* _DATA_:
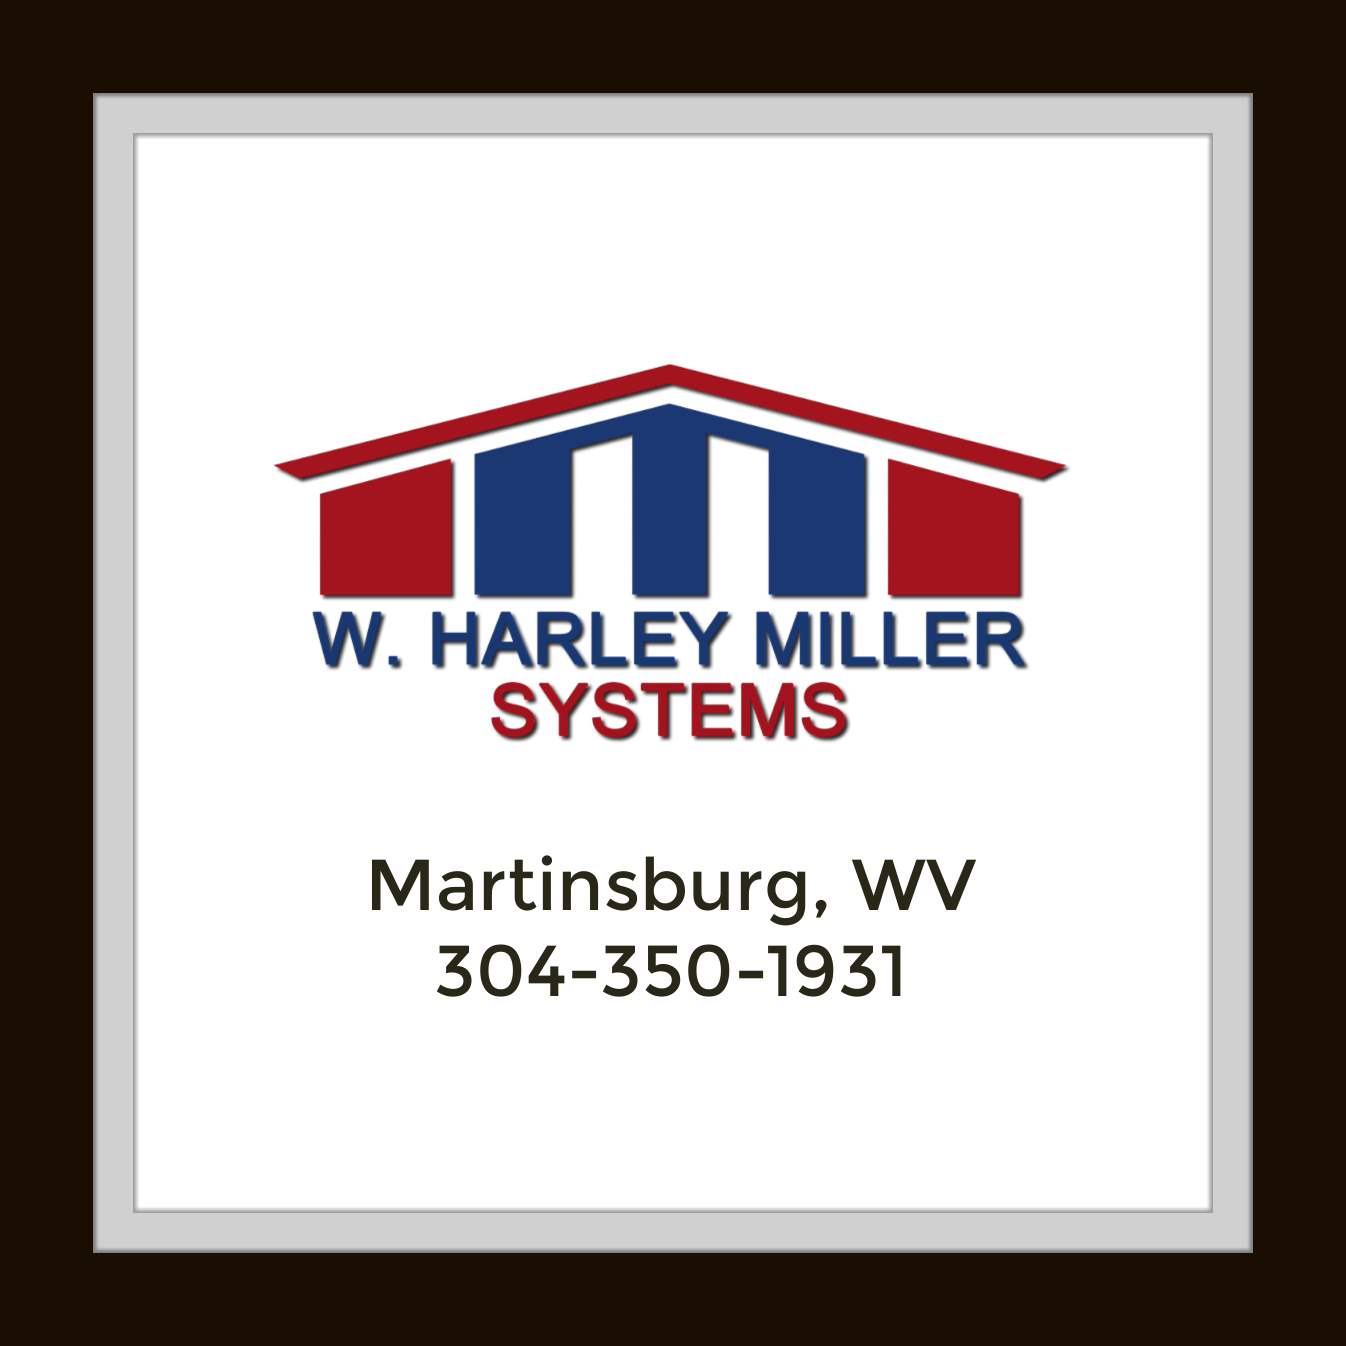 W. Harley Miller Systems
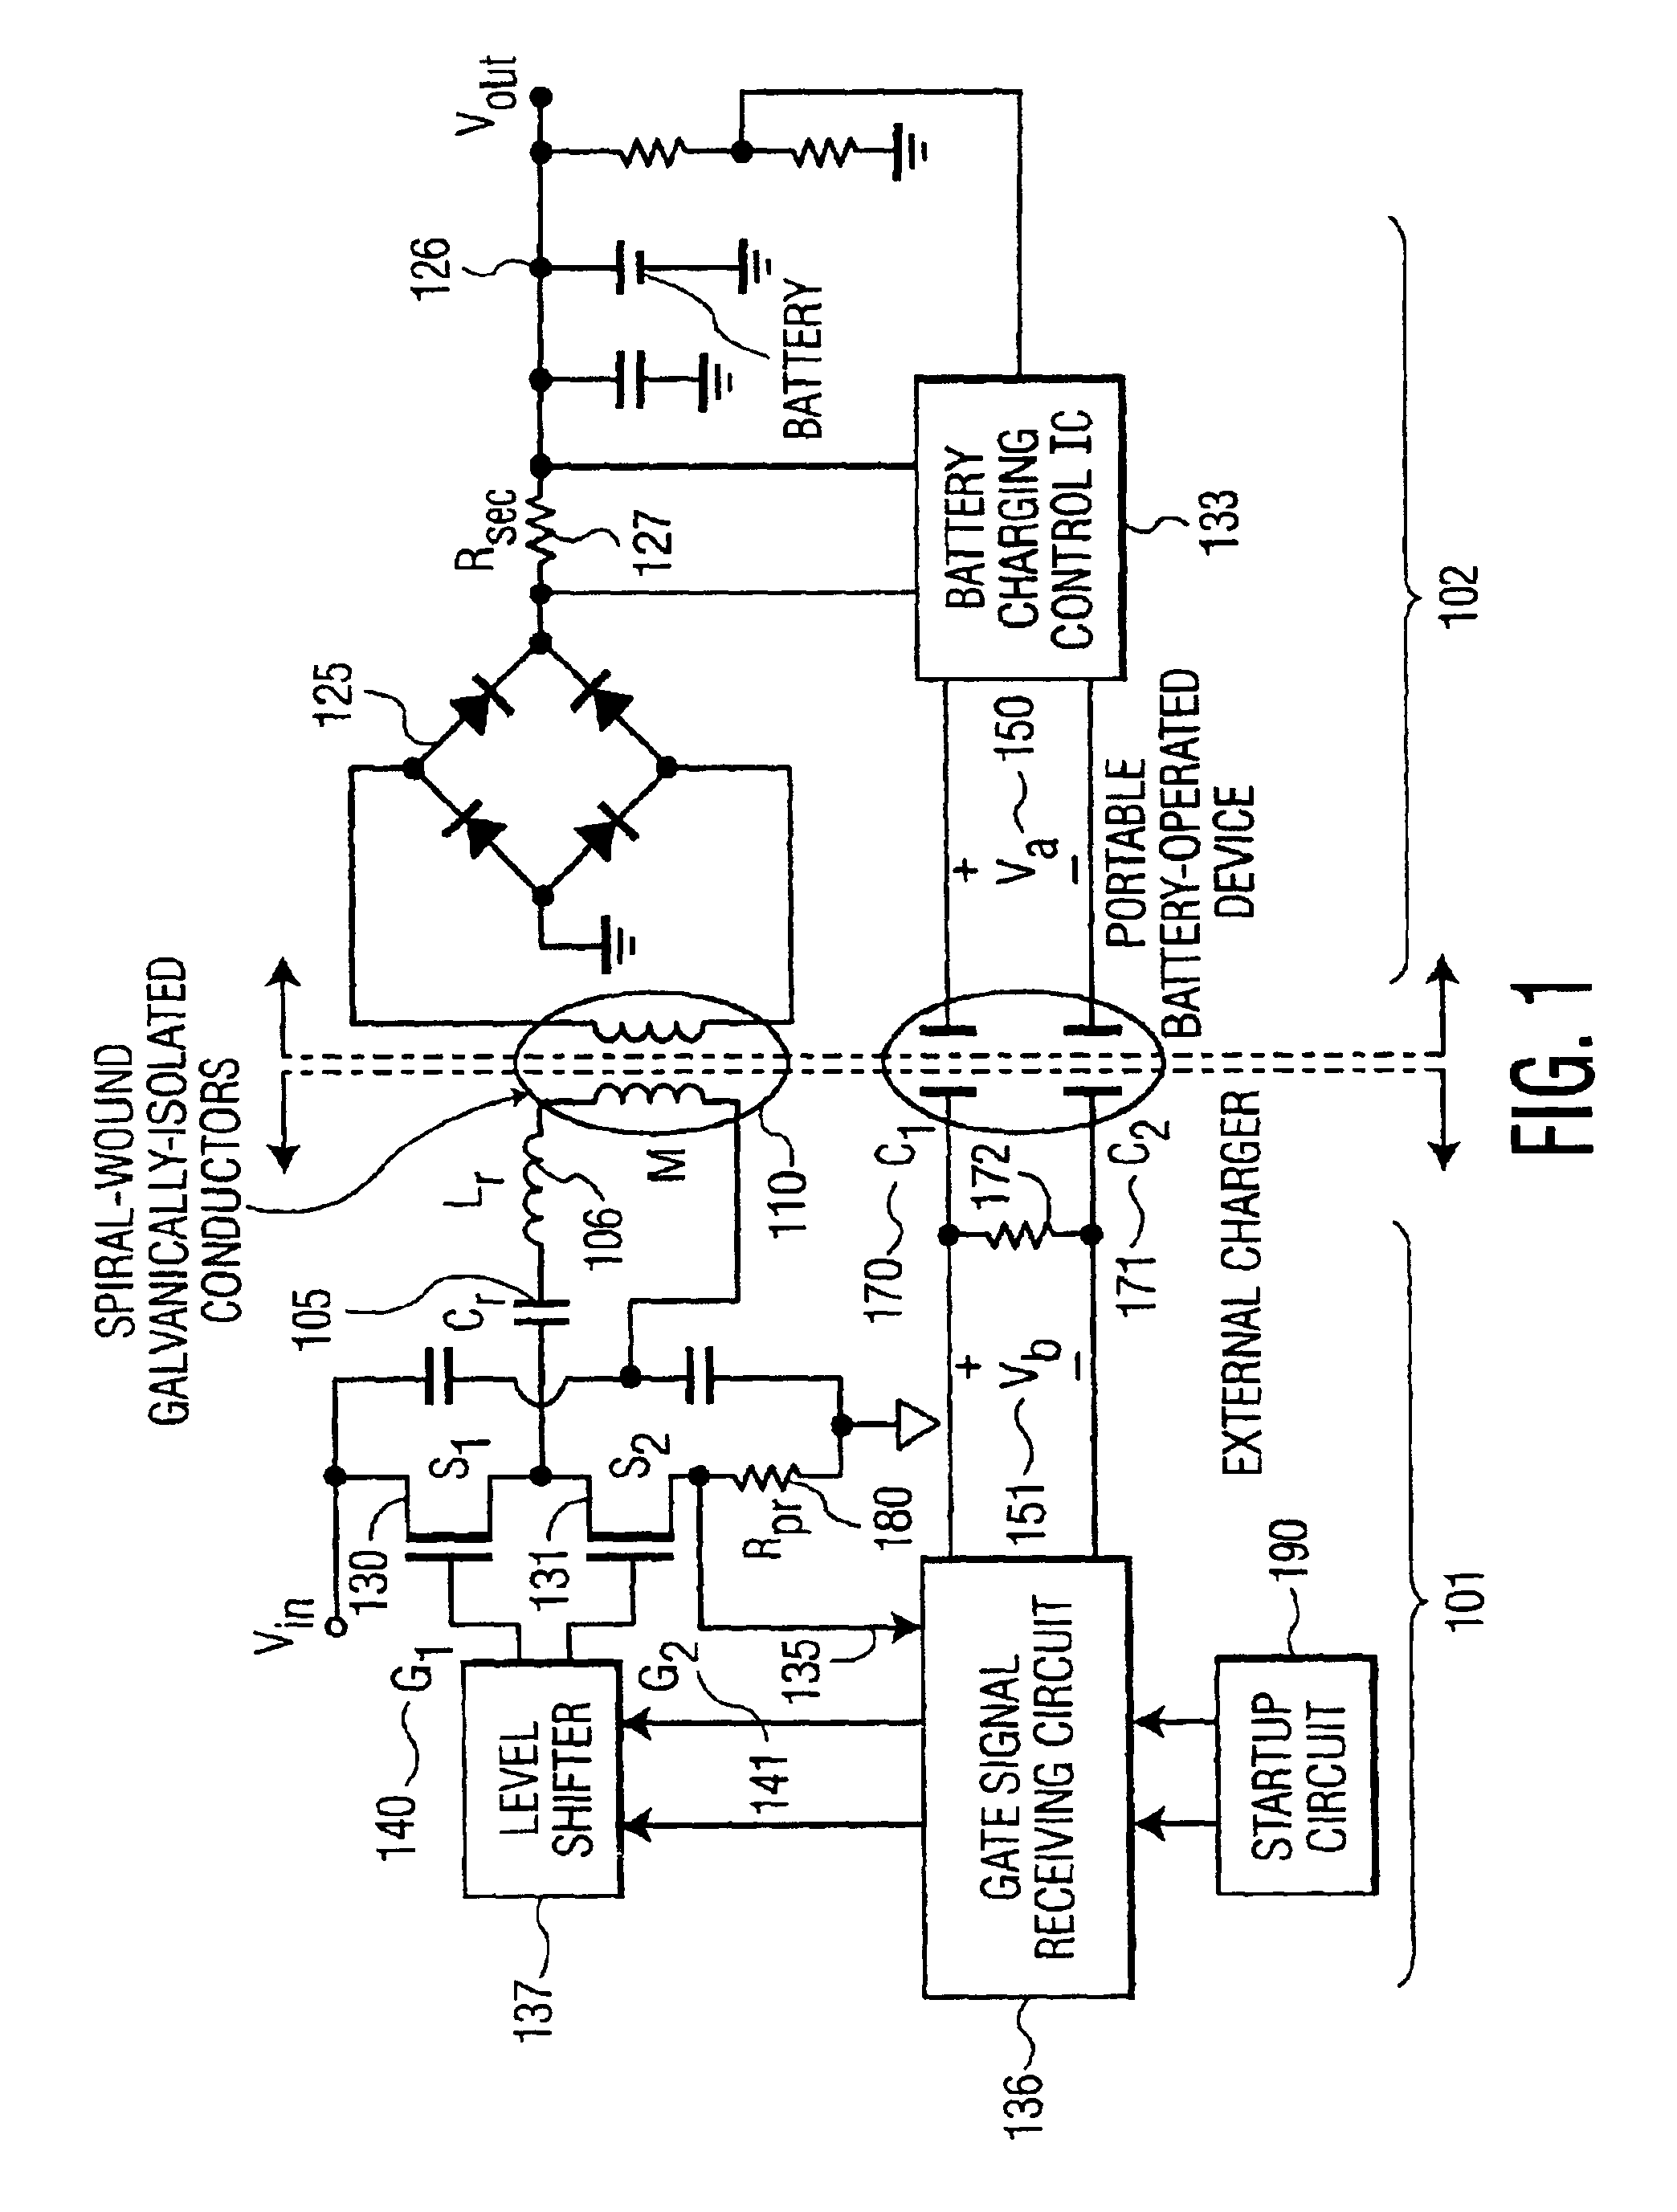 System, method and apparatus for contact-less battery charging with dynamic control
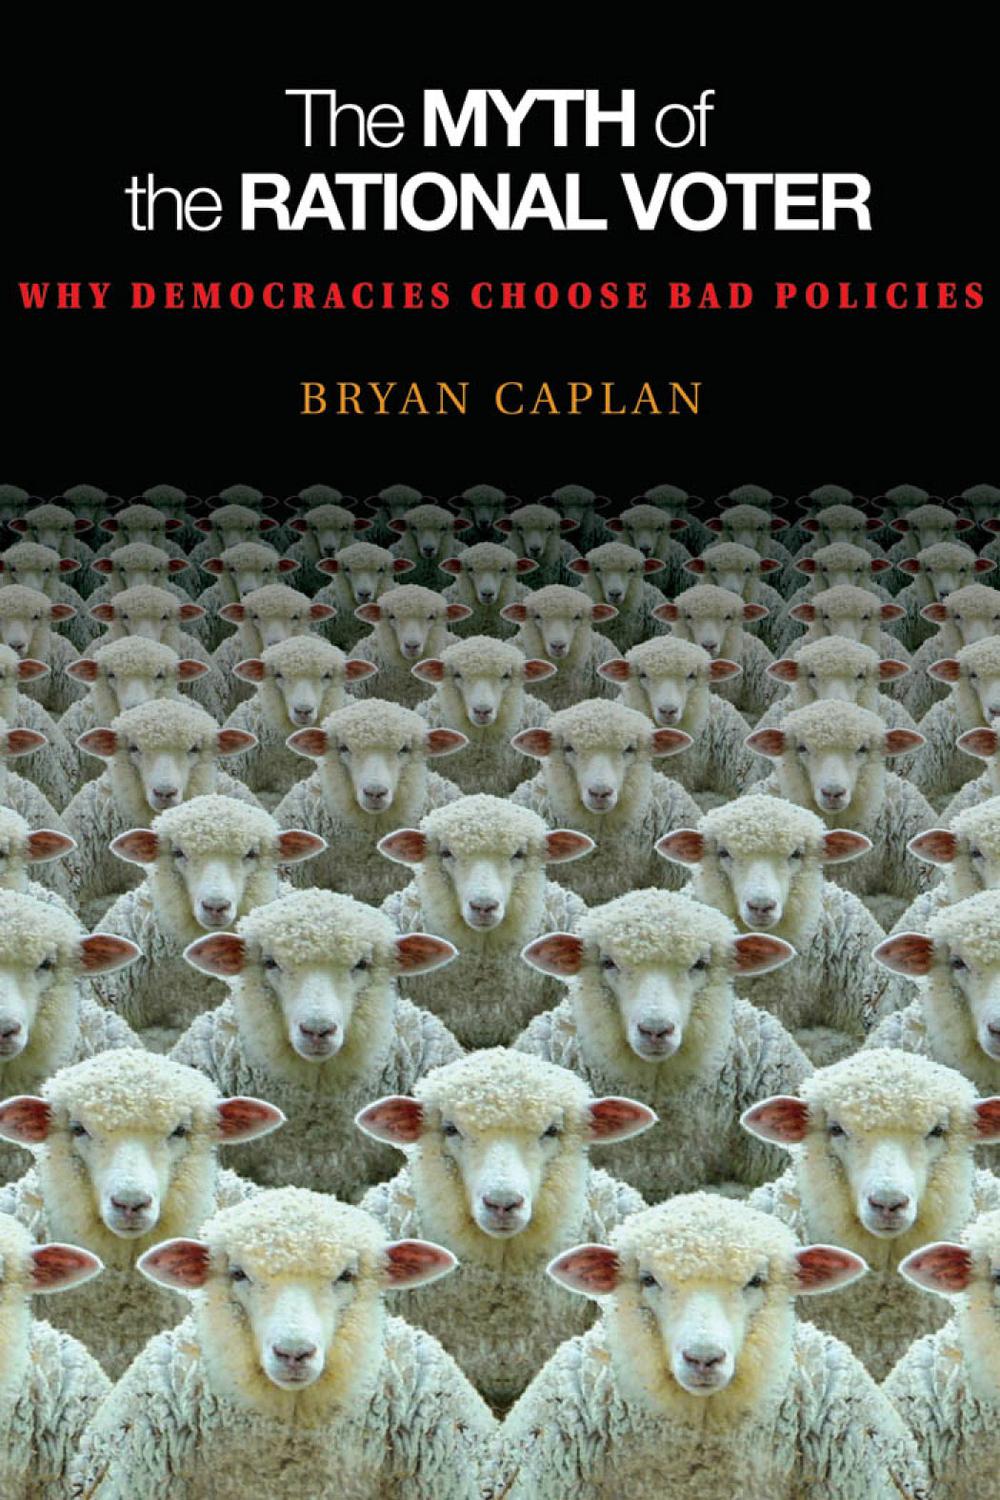 PDF] The Myth of the Rational Voter by Bryan Caplan eBook | Perlego

* _EXERCISE DIRECTIONS_: Copy the data precisely. Skip every picture.

* _EXERCISE SOLUTION_:
 W. Harley Miller Systems
 System, method and apparatus for contact-less battery charging with dynamic control
 PDF] The Myth of the Rational Voter by Bryan Caplan eBook | Perlego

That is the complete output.